Lab 9

Due by 11:59 PM on Friday, April 2, 2021

Learning Outcomes

  • Use forcats functions to manage factors in R
  • Use lubridate functions in R in conjunction with functions from dplyr and tidyr.

Factors

  1. Load the gss_cat data from the forcats package.

  2. Find how many observations fell into each factor level of rincome. Don’t overthink this one - it’s one function we’ve been using for over a month!

  3. Plot a barplot of the distribution of rincome, ordering levels from by frequency

  4. You think “Not applicable”, “Don’t Know”, “No answer”, and “Refused” aren’t very useful for your plot. Use fct_other() to collapse these into one factor level and plot again. Note: fct_other() is new! Read the documentation.
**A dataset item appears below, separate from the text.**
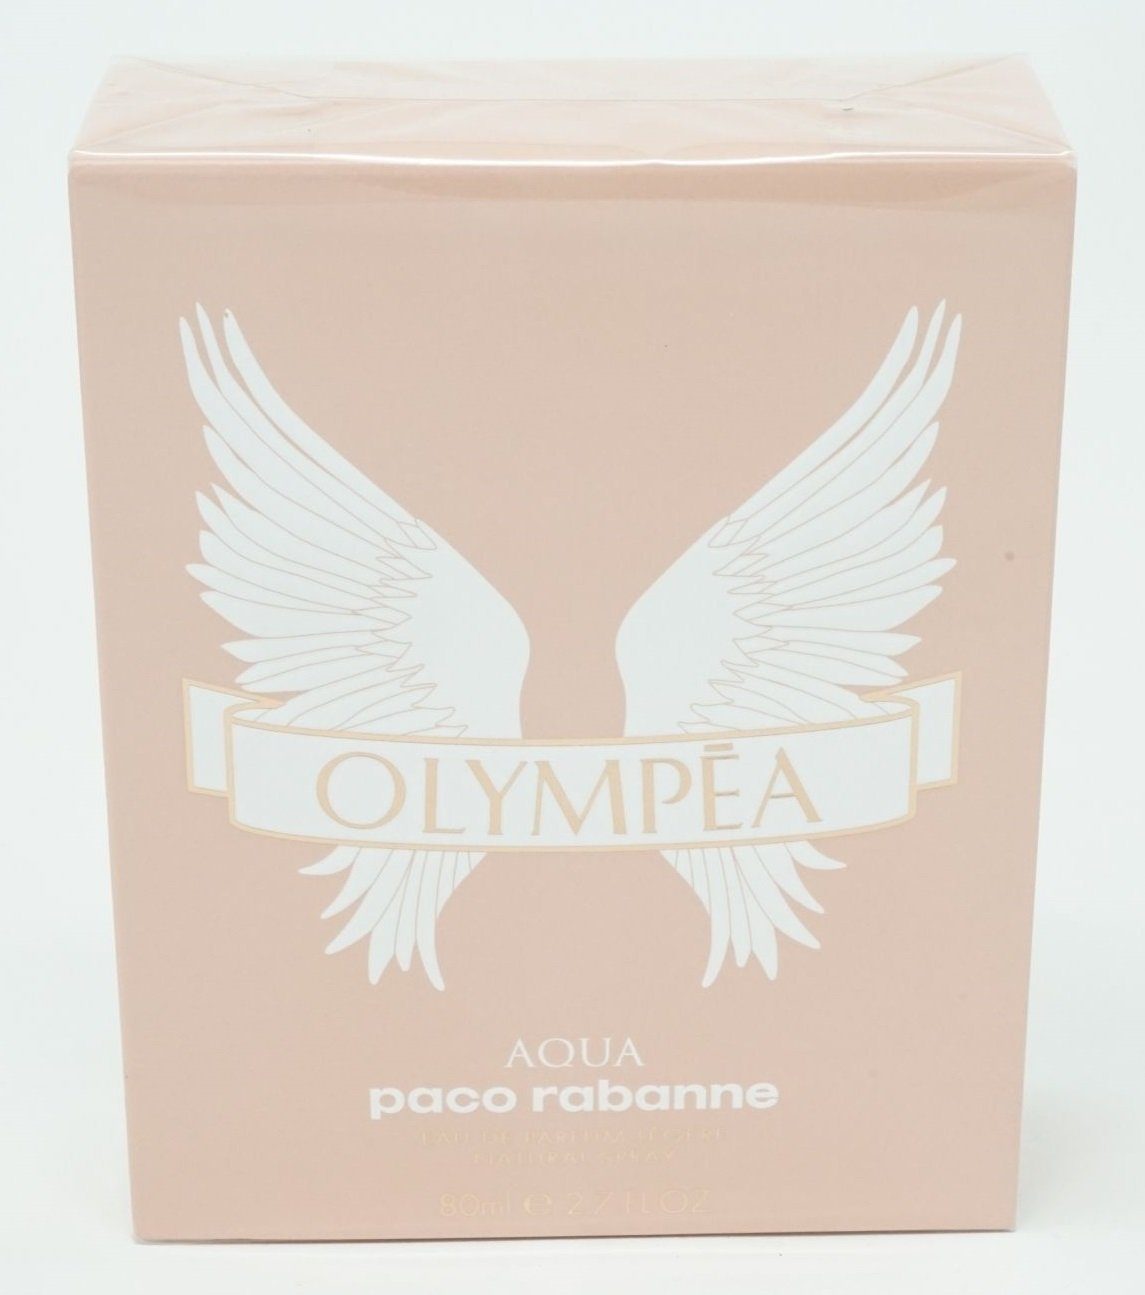 Eau Paco Olympea de Spray de 80ml rabanne Eau paco Parfum Legere Rabanne Aqua Parfum

  5. Reorder the levels of the relig variable by the mean number of tv hours watched. Show the new factor order and then plot with a boxplot.

Dates

  1. Many people have created a “Coronavirus Birthday”, the first date they went into lockdown, quarantine, or began extreme social distancing. This is usually in March 2020. How many seconds have passed since this time (i.e., calculate the duration in seconds)? If you can’t remember, use March 15, 2020.

    • Hint: This is the same as the BTS example from the lecture.
  2. Use seconds_to_period() to go from the duration (q1) to the period since your “Coronavirus Birthday”.

  3. For the rest of this exercise, we will use the data from capital_trips_2016.csv. Read these data into R from the data directory and review the variables with glimpse(). These data are from a bikesharing program.

  4. Rename variables to conform to “best practices” for variable names i.e., no spaces in the names. Feel free to experiment with the handy janitor::clean_names() function here if you’d like.

  5. Convert the start date and end date variables to be date-times.

  6. Use the start date and end date variables to calculate the duration of each trip.

  7. How much time elapsed between the start of the first trip and the end of the the last trip.